Ghoulies 4K UHD Review

MVD Rewind

4K UHD Release: September 12, 2023

Video: 1.85:1/2160p (HDR10/Dolby Vision)/Color

Audio: English DTS-HD Master Audio 2.0 Mono

Subtitles: English

Run Time: 80:58

Director: Luca Bercovici

Conjured during a party thrown by the new owner of a spooky Hollywood mansion, hairy, fanged demons – Ghoulies – wreak havoc on the scene and declare the unsuspecting owner their new lord and master. (From MVD’s official synopsis)

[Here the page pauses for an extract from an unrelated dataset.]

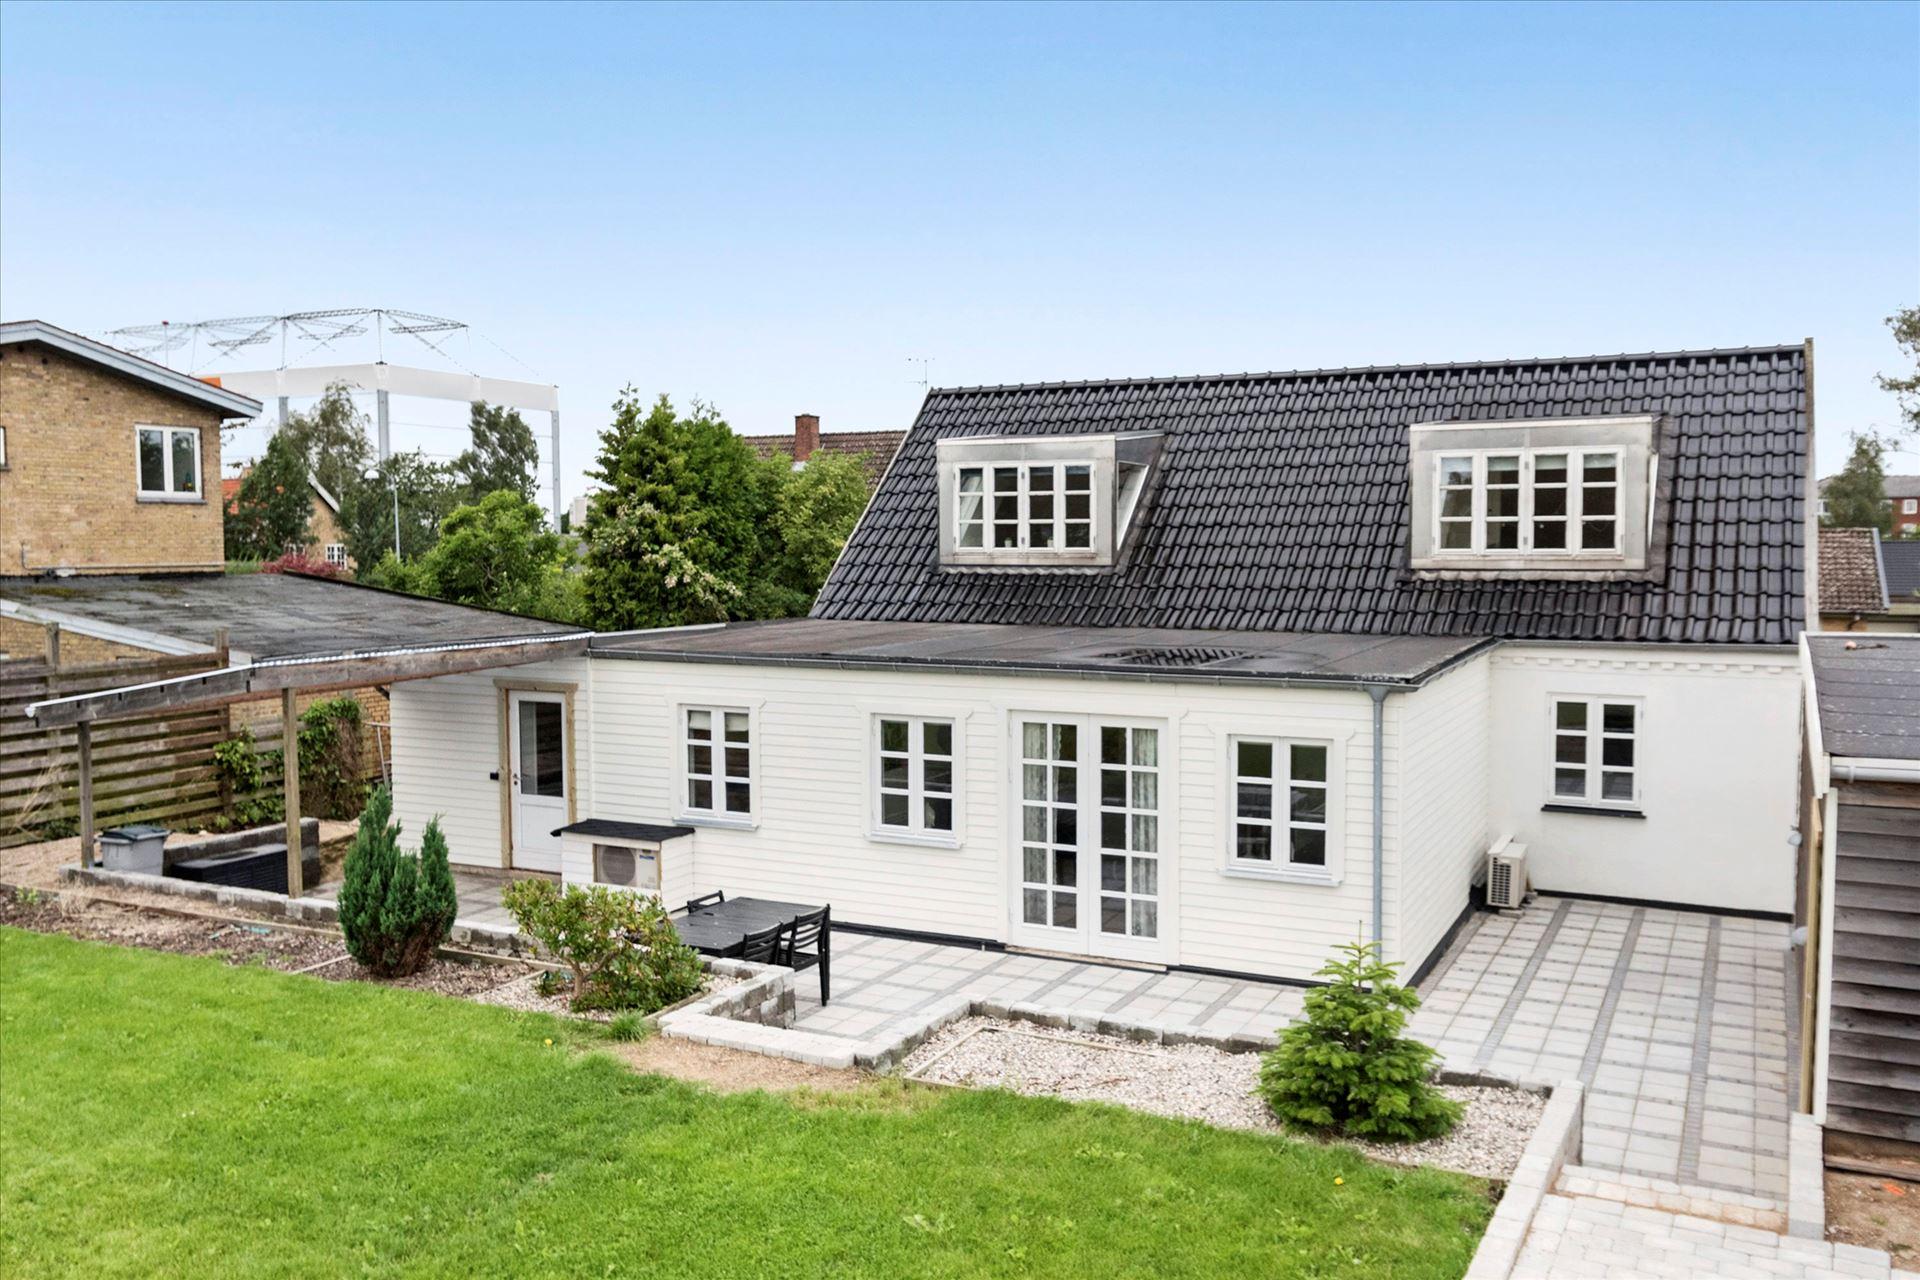 Villa til Salg - Roasvej 11, 2750 Ballerup

Formally founded in 1983, Charles Band’s Empire International Pictures had its first real hit in 1985 when Luca Bercovici’s Ghoulies siphoned its audience from the box office juggernaut that was Joe Dante’s Gremlins (1984). Despite the connection, Bercovici’s film was reportedly in production at the same time as Dante’s and struggled through a series of budget shortfalls and legal issues, delaying its release until well after Gremlins. What’s interesting about these delays, though, is that they appear to have changed Ghoulies’ trajectory to further emulate Gremlins, even though Bercovici and co-writer Jefery Levy’s original concept reportedly had very little in common with Chris Columbus’ script. Even in its finished form, the Gremlins-like Ghoulies are a comparatively small part of a fantasy/occult horror movie. It is a similar situation to another film constantly accused of filching Gremlins’ concepts, Stephen Herek’s Critters (1986), which was a sci-fi adventure that happened to feature destructive little monsters as antagonists. For the genuine Gremlins knock-off experience, I recommend Bettina Hirsch’s Munchies (1987), produced by the God King of carbon copy cinema, Roger Corman.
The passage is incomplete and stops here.